I bought the same ones from Clumsy goat with 10 or 15% off for new customers and I'm really pleased with them. I also have the Hario ones and I can't tell any difference between the two, in fact the Hario ones seem have more of a lag. I thought they were the same as the Joe Frex ones just rebranded, mine look identicial.


----------



## Burnzy (Apr 17, 2014)

I have them, the timer stops on its own now and again, other than that all good!


----------



## hotmetal (Oct 31, 2013)

Al Grandé said:


> What do you think of the Timemore scales? I've been think of these.
> I missed out, when @Cuprajake sold his...


Hey Al, yeah sorry man, beat you to it and I've got Jake's on my drip tray. They're OK, a little bigger than ideal, as they hang off the front of the drip tray but it's not really an issue. I find the timer (manual) quite handy. 0.1g resolution is fine, although I haven't tried testing accuracy with calibration weights.

I think they seem fairly solid and well made, although I see what Jake meant about the rubber mat not quite fitting. It's nice to have an internal rechargeable battery and a USB port (which I've protected with a silicone bung). I think they're responsive, I like the slight stabilising delay when you tare them, and I think they'll last me a lot longer than my cheap ones which I've killed several over the years. Worth £40 all day long, not sure if I'd pay £60+ though, which is why I nabbed Jakes at £40 delivered, knowing he had only had them a short while.


----------



## Gav86 (Dec 10, 2020)

Espressonic said:


> Any issues with it giving different weights for the same item?

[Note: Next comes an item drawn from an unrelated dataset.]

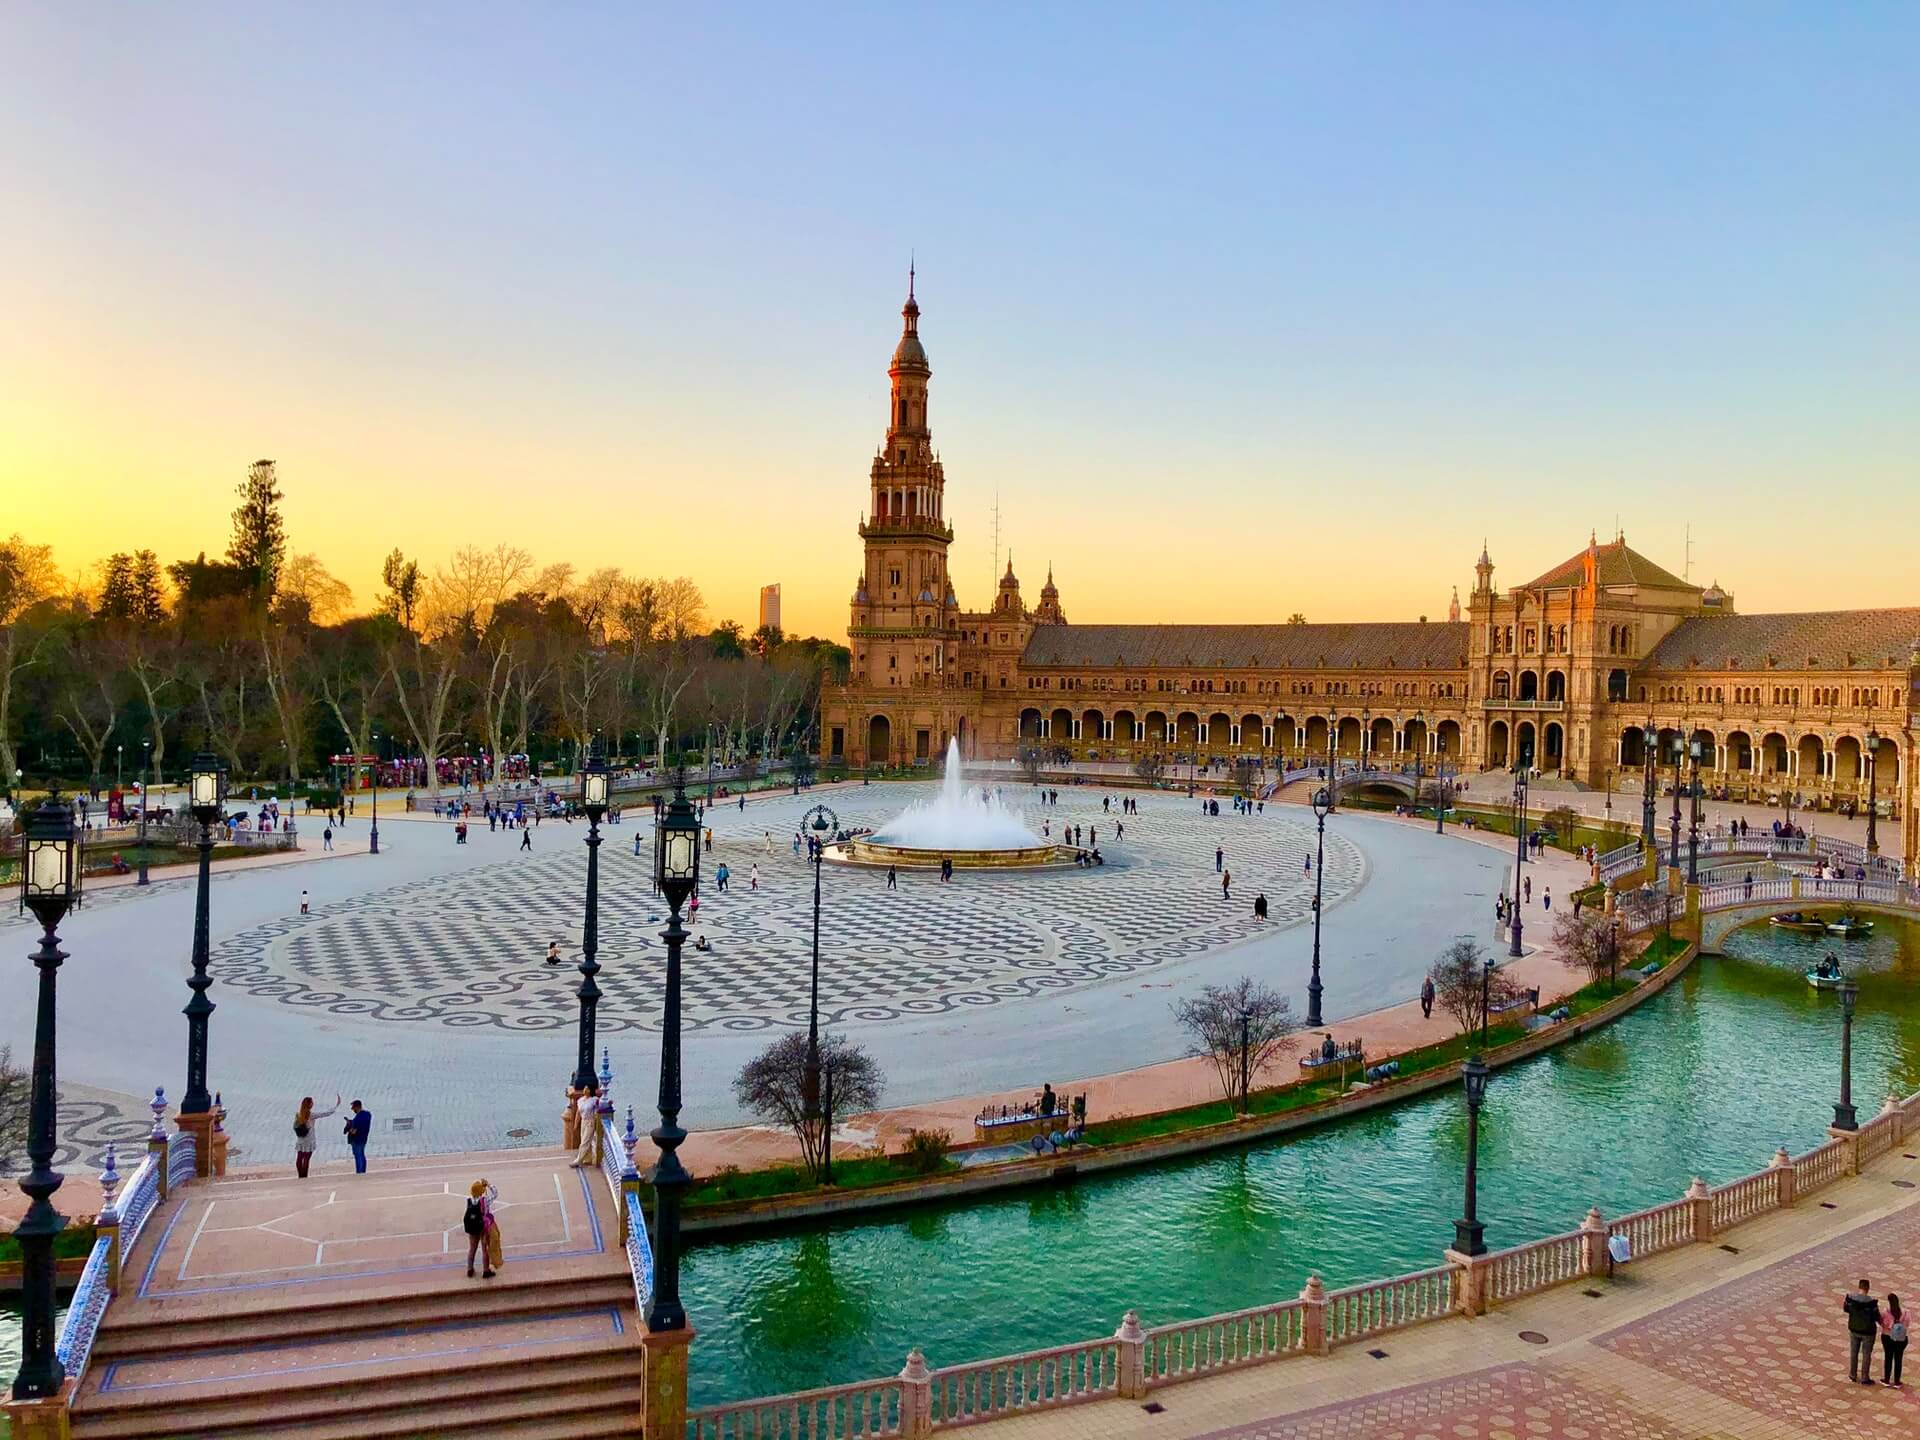 Plaza des Espana in Seville

 My Yagua scales are accurate and give repeatable weights.


----------



## Al Grandé (Nov 26, 2020)

hotmetal said:


> Hey Al, yeah sorry man, beat you to it and I've got Jake's on my drip tray. They're OK, a little bigger than ideal, as they hang off the front of the drip tray but it's not really an issue. I find the timer (manual) quite handy. 0.1g resolution is fine, although I haven't tried testing accuracy with calibration weights.
> 
> I think they seem fairly solid and well made, although I see what Jake meant about the rubber mat not quite fitting. It's nice to have an internal rechargeable battery and a USB port (which I've protected with a silicone bung). I think they're responsive, I like the slight stabilising delay when you tare them, and I think they'll last me a lot longer than my cheap ones which I've killed several over the years. Worth £40 all day long, not sure if I'd pay £60+ though, which is why I nabbed Jakes at £40 delivered, knowing he had only had them a short while.


 Thanks @hotmetal👍 I'll have to check measurements see if they fit on my drip tray, I'm thinking I want to use them for pour over as well. Not that I have any pour over equipment. Seem to be getting obsessed with coffee!!!!


----------



## hotmetal (Oct 31, 2013)

The Rocket drip tray is quite short but still OK (as in I can get them on and they're not likely to fall off, and seem stable, especially with a cup on). They carry a portafilter handle just fine. I've used them for Aeropress and I imagine they'd be fine with V60, Kalita Wave, Clever etc.


----------



## Rincewind (Aug 25, 2020)

hotmetal said:


> ...fairly solid and well made, although I see what Jake meant about the *rubber mat not quite fitting*. It's nice to have an internal rechargeable battery...


 My rubber mat fits nice and bonny on mine....agreed on responsive....and prices do vary; i got mine from Amazon for £39 from China and took 11 days iirc...at some point i'm gonna stick a bigger battery inside so that i only have to re-charge it once every General Election 😋


----------



## Al Grandé (Nov 26, 2020)

hotmetal said:


> The Rocket drip tray is quite short but still OK (as in I can get them on and they're not likely to fall off, and seem stable, especially with a cup on). They carry a portafilter handle just fine. I've used them for Aeropress and I imagine they'd be fine with V60, Kalita Wave, Clever etc.


 Thanks @hotmetal


----------